Honoring our ancestors

Goliath J. Davis, III, Ph.D.

By Goliath J. Davis, III, Ph.D., Contributor

ST. PETERSBURG — We are in a season where more than ever, we should honor our ancestors by resisting all attempts to dissuade us from exercising a right they all fought for, and many died to make it a reality. I am speaking about voting in the upcoming local election and the national election in November. Duty calls — will you answer?

We face a national administration that is doing everything possible to win another term of office and, in doing so, takes their current unjust, racist policies and practices and puts them on steroids. Failure to effectively address the COVID-19 pandemic and the assault on the postal service as a means of disrupting voting by mail, are conscious attempts to suppress the African-American vote.

The Voting Rights Act resulted from a long, tedious bloody battle, and the struggle continues. Individuals, including young school-aged children, were beaten, jailed, and killed to secure what we all should value as a sacred right given the sacrifices made to acquire it for people of color.

The current White House administration informs our upcoming local elections in significant ways. The nation elected an individual to the office of president who promised only he could make America great again and has sought to do so with racist, divisive language and policies.

We should learn from this to pay very careful attention to the language and promises made by candidates seeking the various county and state offices.  Fortunately, some have track records based on prior service. It will be unwise to believe a candidate will fight for us when prior history shows they have not.

I will not endorse any candidate for the various offices, school board, county commission, state legislature, or judge, but you should know they are not all similarly situated.  We must understand the old adage “all politics are local” and evaluate the candidates based on who has our best interests at heart and are more likely to advocate for those interests.

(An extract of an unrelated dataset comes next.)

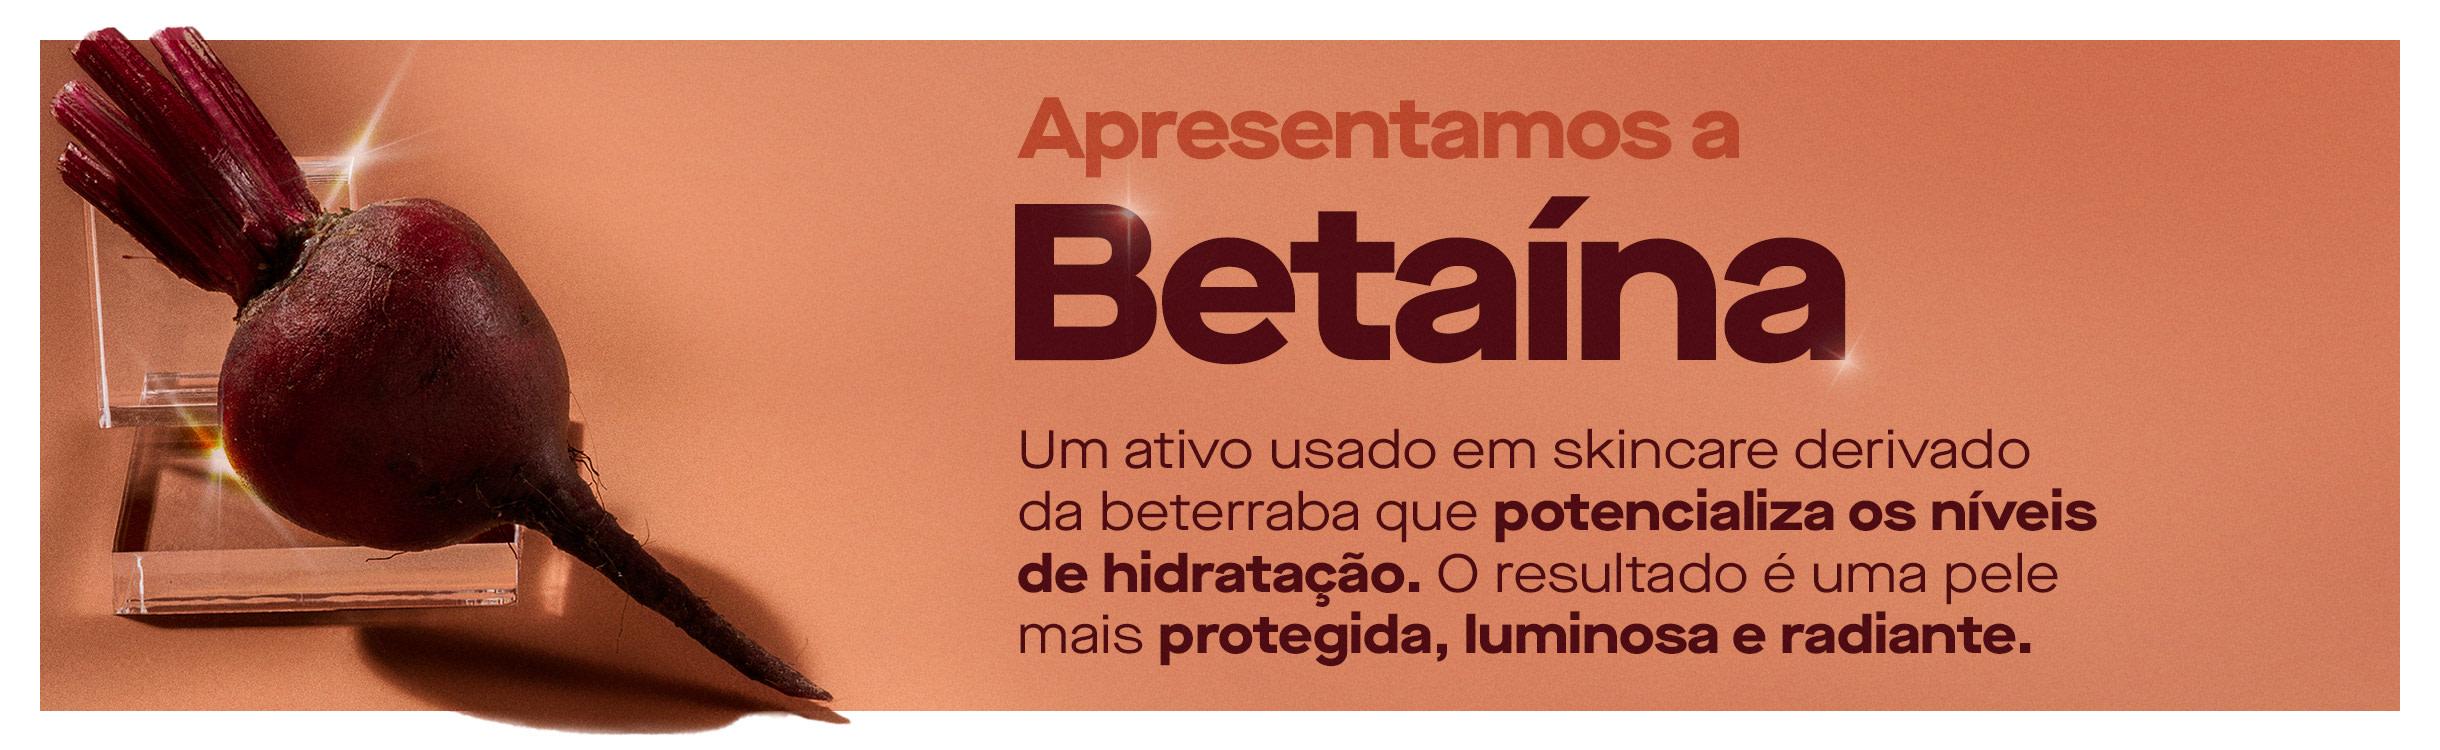 Betaína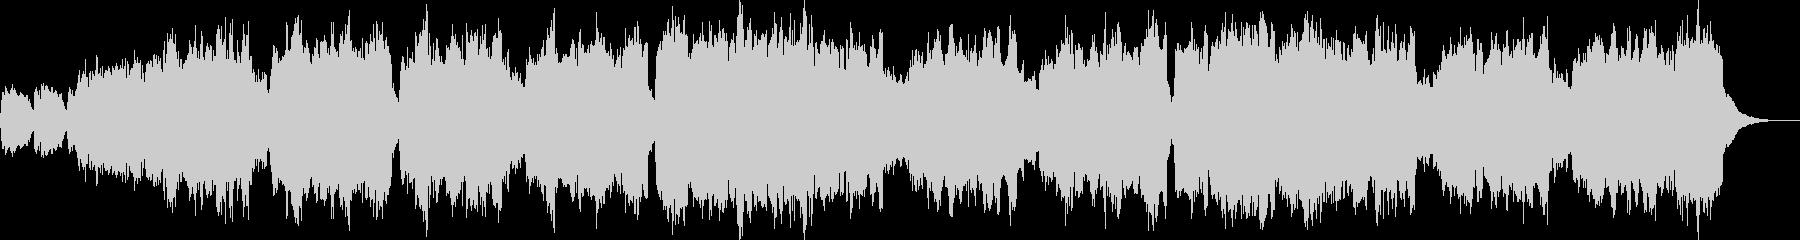 【BGM】結婚式入場01(オルガン)の未再生の波形

At the end of the day, I am pleading with everyone to Just Vote.

The Black Lives Matter revolution sweeping the country is a powerful reminder of how desperately we need elected representatives with the heart, courage, and commitment to fight to eliminate the income and achievement gaps, expose and eradicate hidden systemic racism and discrimination, ensure fair and equitable judicial dispositions, and advocate for the people rather than their own self-interests.

In keeping with the legacy of the late Congressman and civil rights activist John Lewis, we need to elect individuals with the courage to get into “good necessary trouble.”  No longer can we afford representatives who say all of the appropriate things to get elected and then spend the majority of their time in office avoiding “good necessary trouble” in order to get re-elected.

When evaluating candidates for the upcoming local election, attention should be paid to whether or not candidates for all offices understand the nexus between Requests for Proposals to develop the Gas Plant area and black economic development, African American inclusion, schools, justice, black community development and other quality of life issues impacting African-American communities.

At the national level, we cannot survive four more years of the current White House administration. This is an all-hands-on-deck moment. If among other horrific acts, one has the audacity to place brown children in cages, call our native land a “sh_t hole country” and refer to white nationalists as “some good people” during his first term in office, imagine what he may do in a second and final term.  We must ensure he is not re-elected.

Four African-American females are on the shortlist for vice president.  One must not stay home or fail to file an absentee or mail-in ballot because one’s choice for VP is not selected.

The stakes are too high for us to not engage because of a singular issue.   It will take years if not decades to correct the harm inflicted nationally and around the world by the individual who has no regard for the rule of law and for whom the only accountability is the ballot box.

The White House is miss-managing the COVID-19 pandemic in part out of incompetence and, in part, as a weapon of death and fear to be utilized in conjunction with voter poll closings, mail slowdowns, and other voter suppression strategies to discourage us and deter our participation in the electoral process.

They must not win. And they will not win if we answer the call and vote. In the words of the late John Lewis, “we must not let the power of the vote be neutralized.”